**INFORMATION PROVIDED**
####################

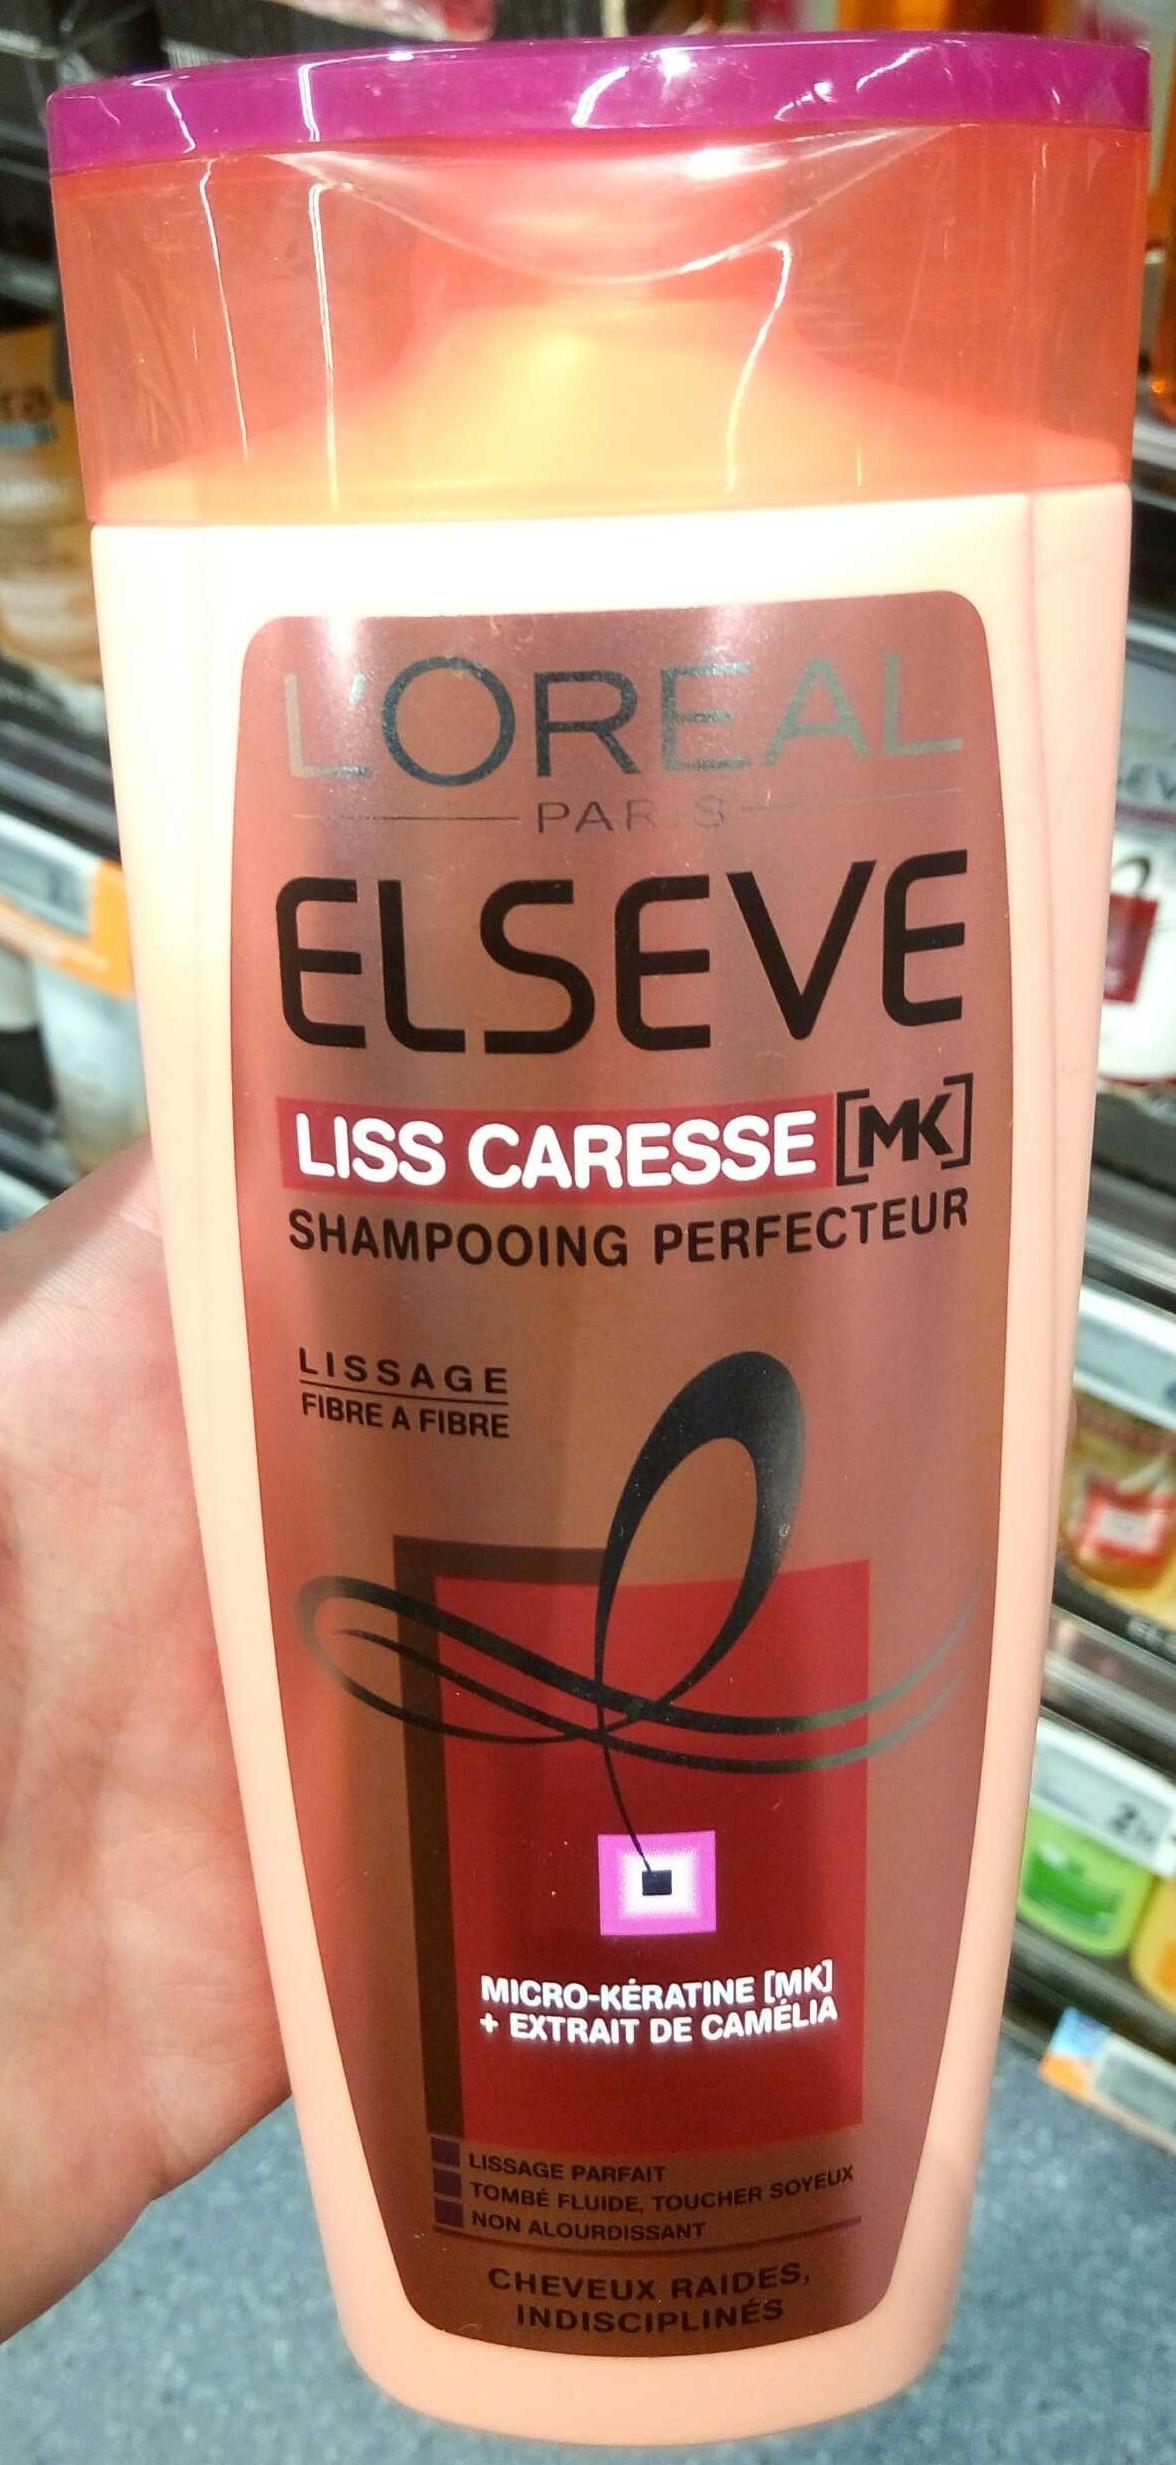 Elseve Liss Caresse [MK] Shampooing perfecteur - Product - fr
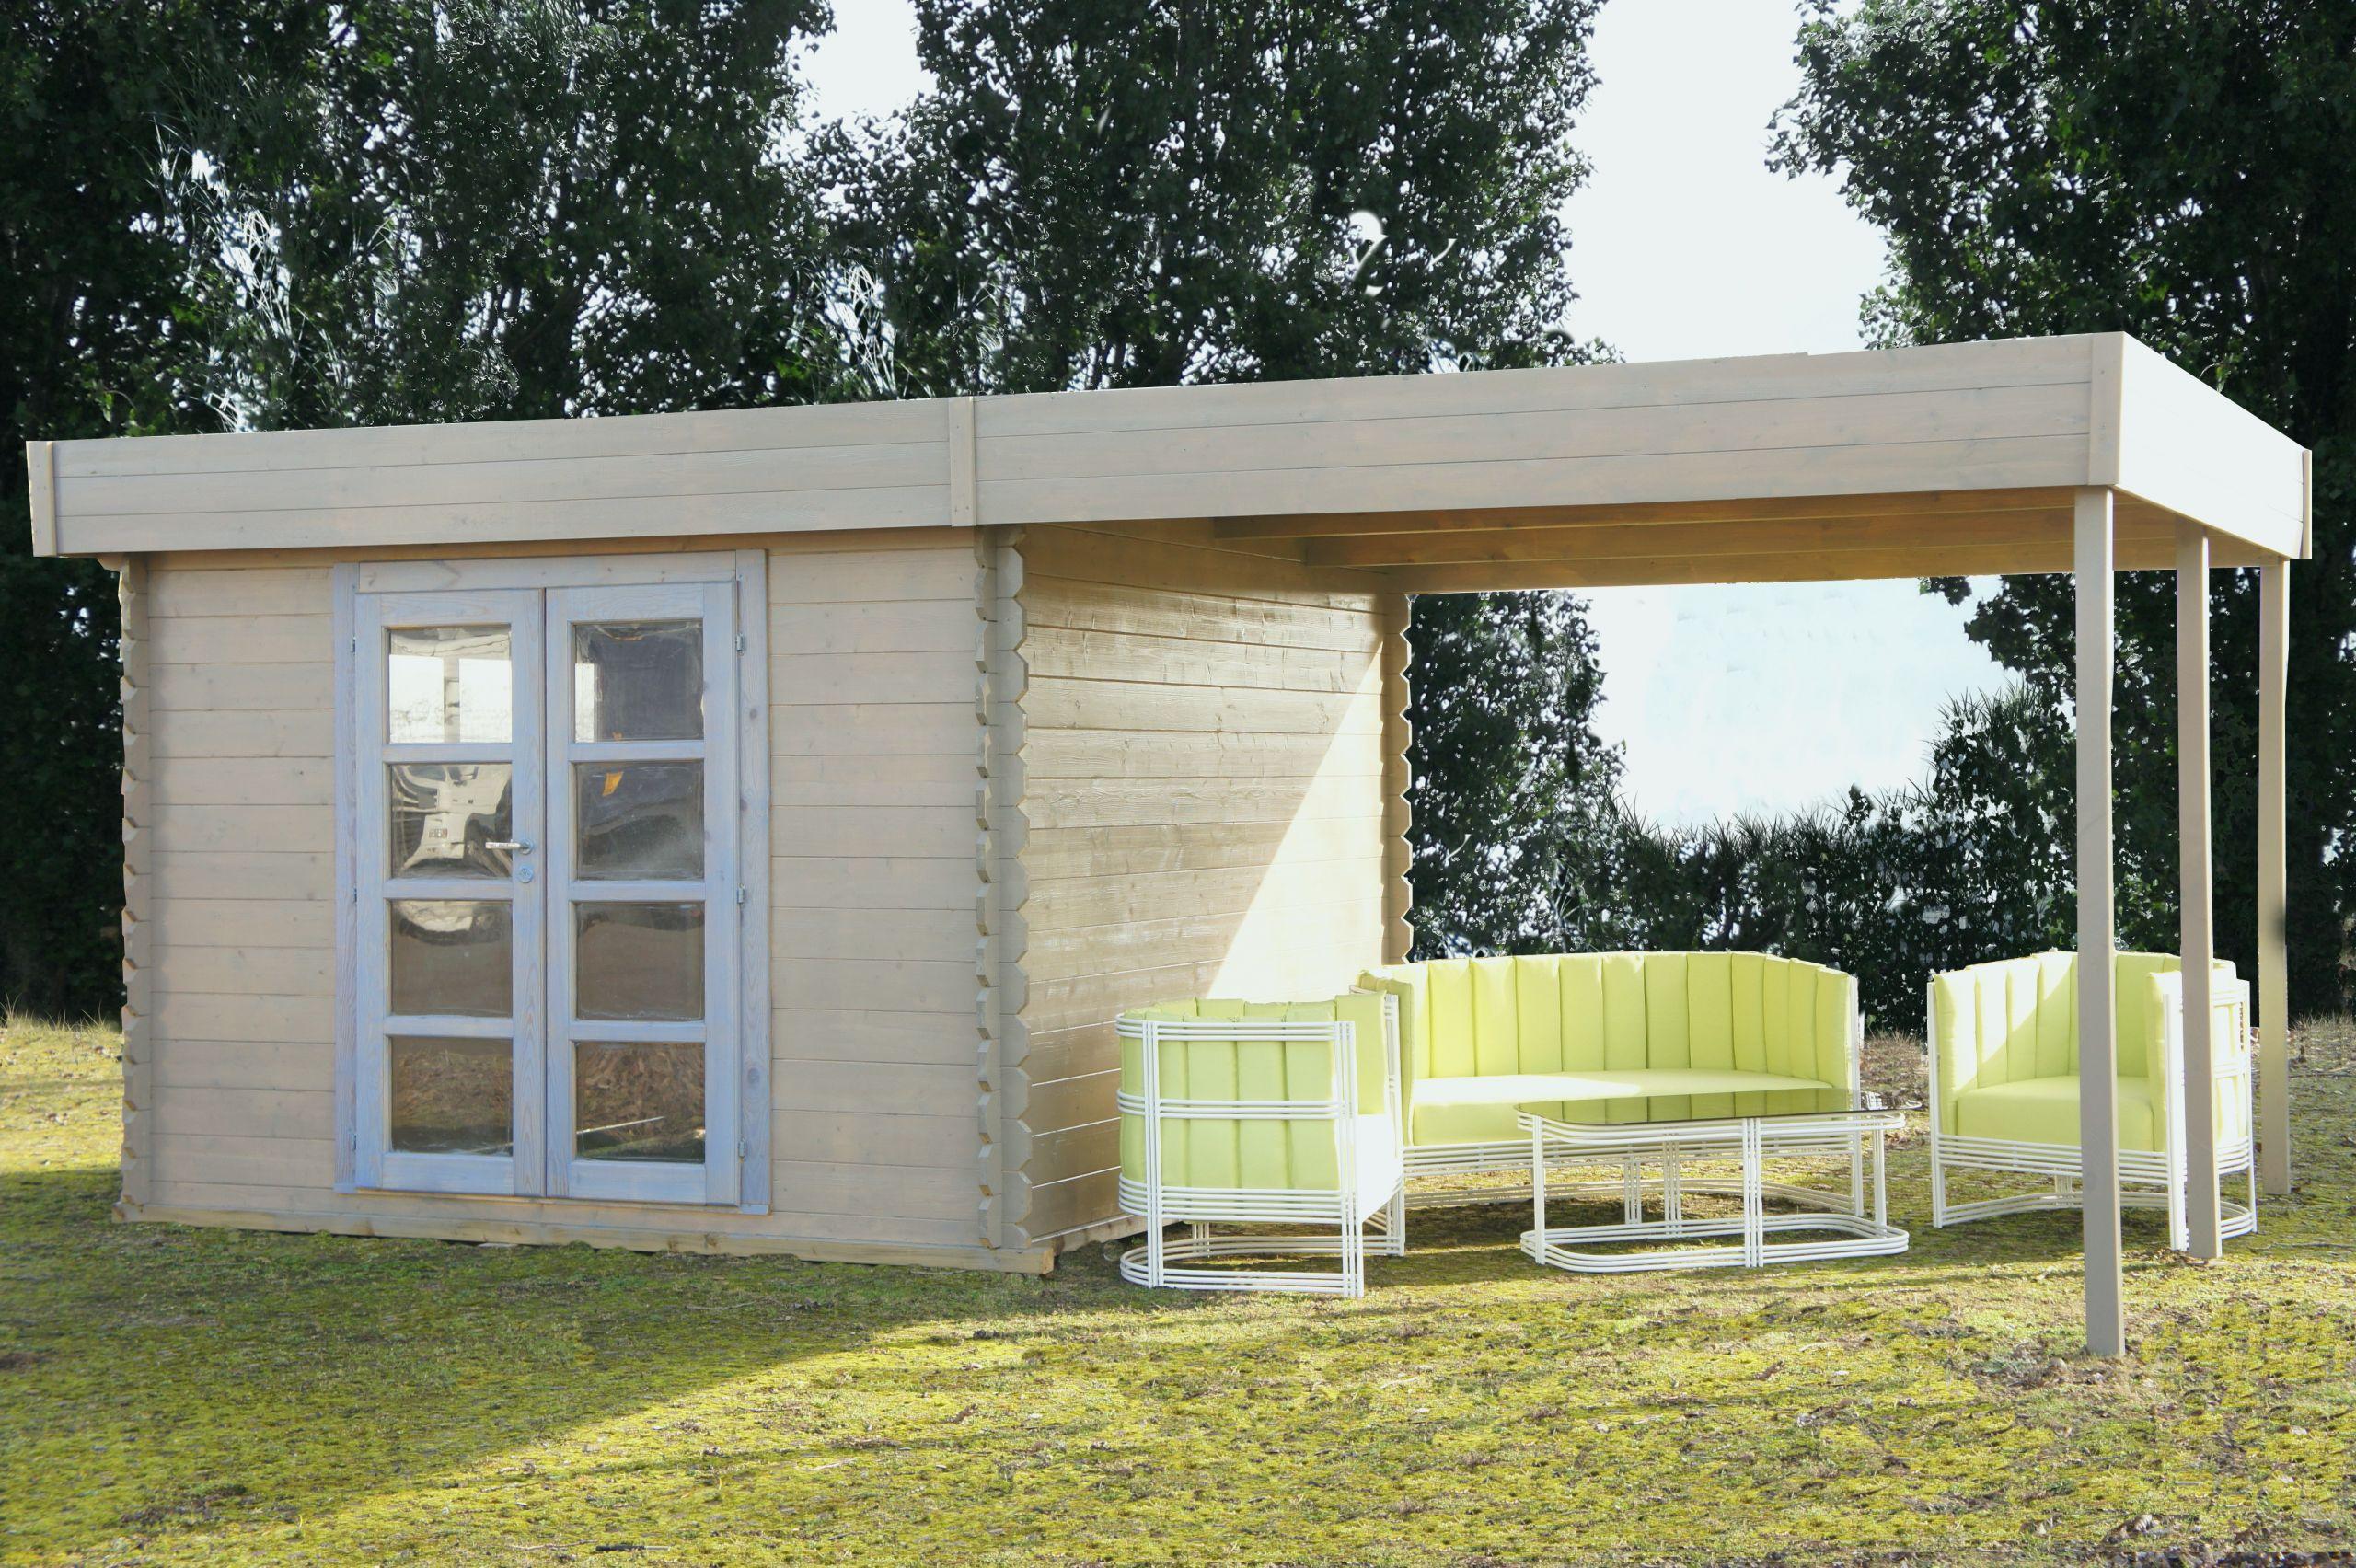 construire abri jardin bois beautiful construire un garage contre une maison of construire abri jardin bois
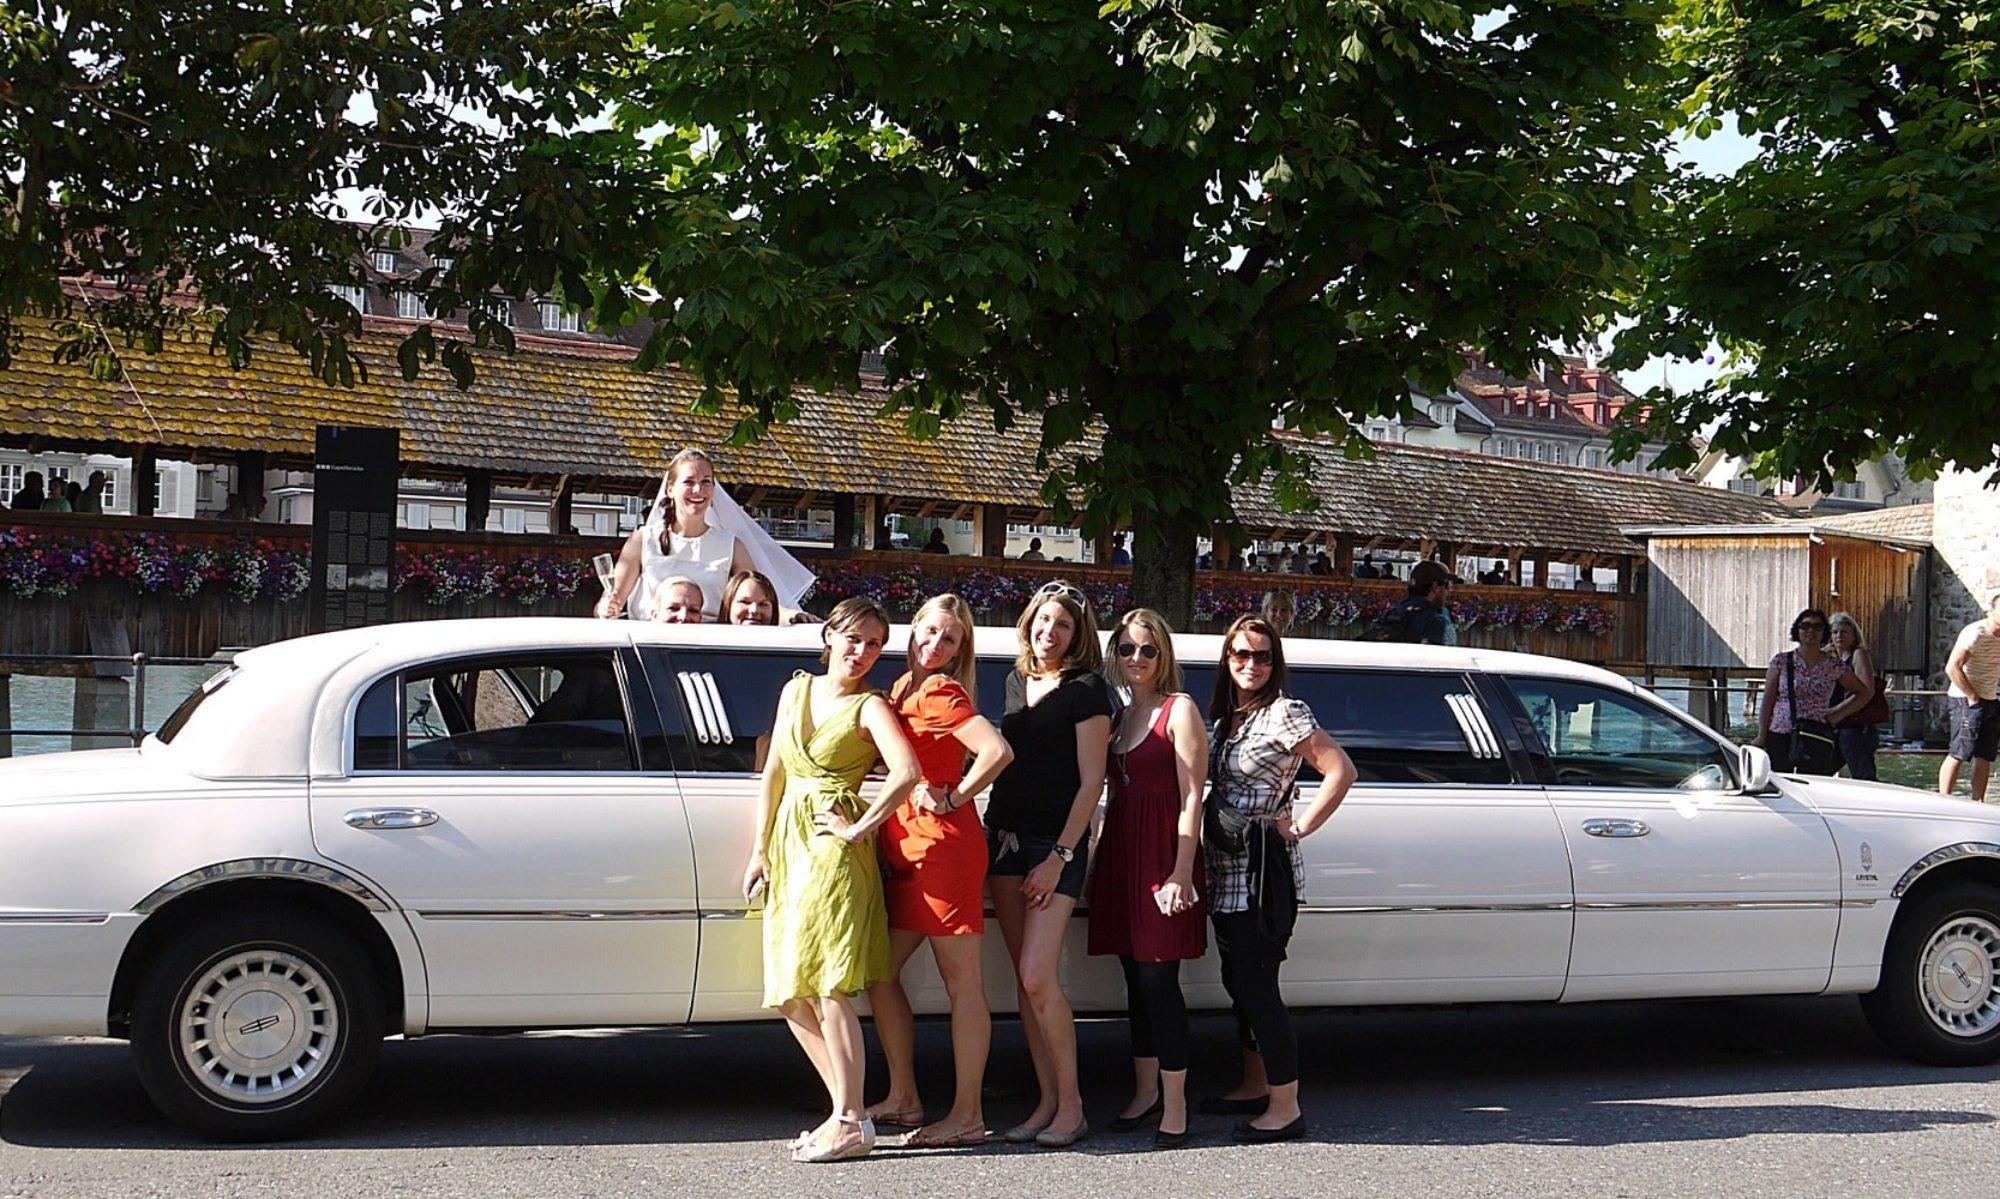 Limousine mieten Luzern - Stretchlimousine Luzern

####################

**WHAT THE TASK ASKS**
When repeating the material above, keep every line exact and drop all pictures.

**SOLUTION FOR THIS TASK**
 Elseve Liss Caresse [MK] Shampooing perfecteur - Product - fr
 construire abri jardin bois beautiful construire un garage contre une maison of construire abri jardin bois
 Limousine mieten Luzern - Stretchlimousine Luzern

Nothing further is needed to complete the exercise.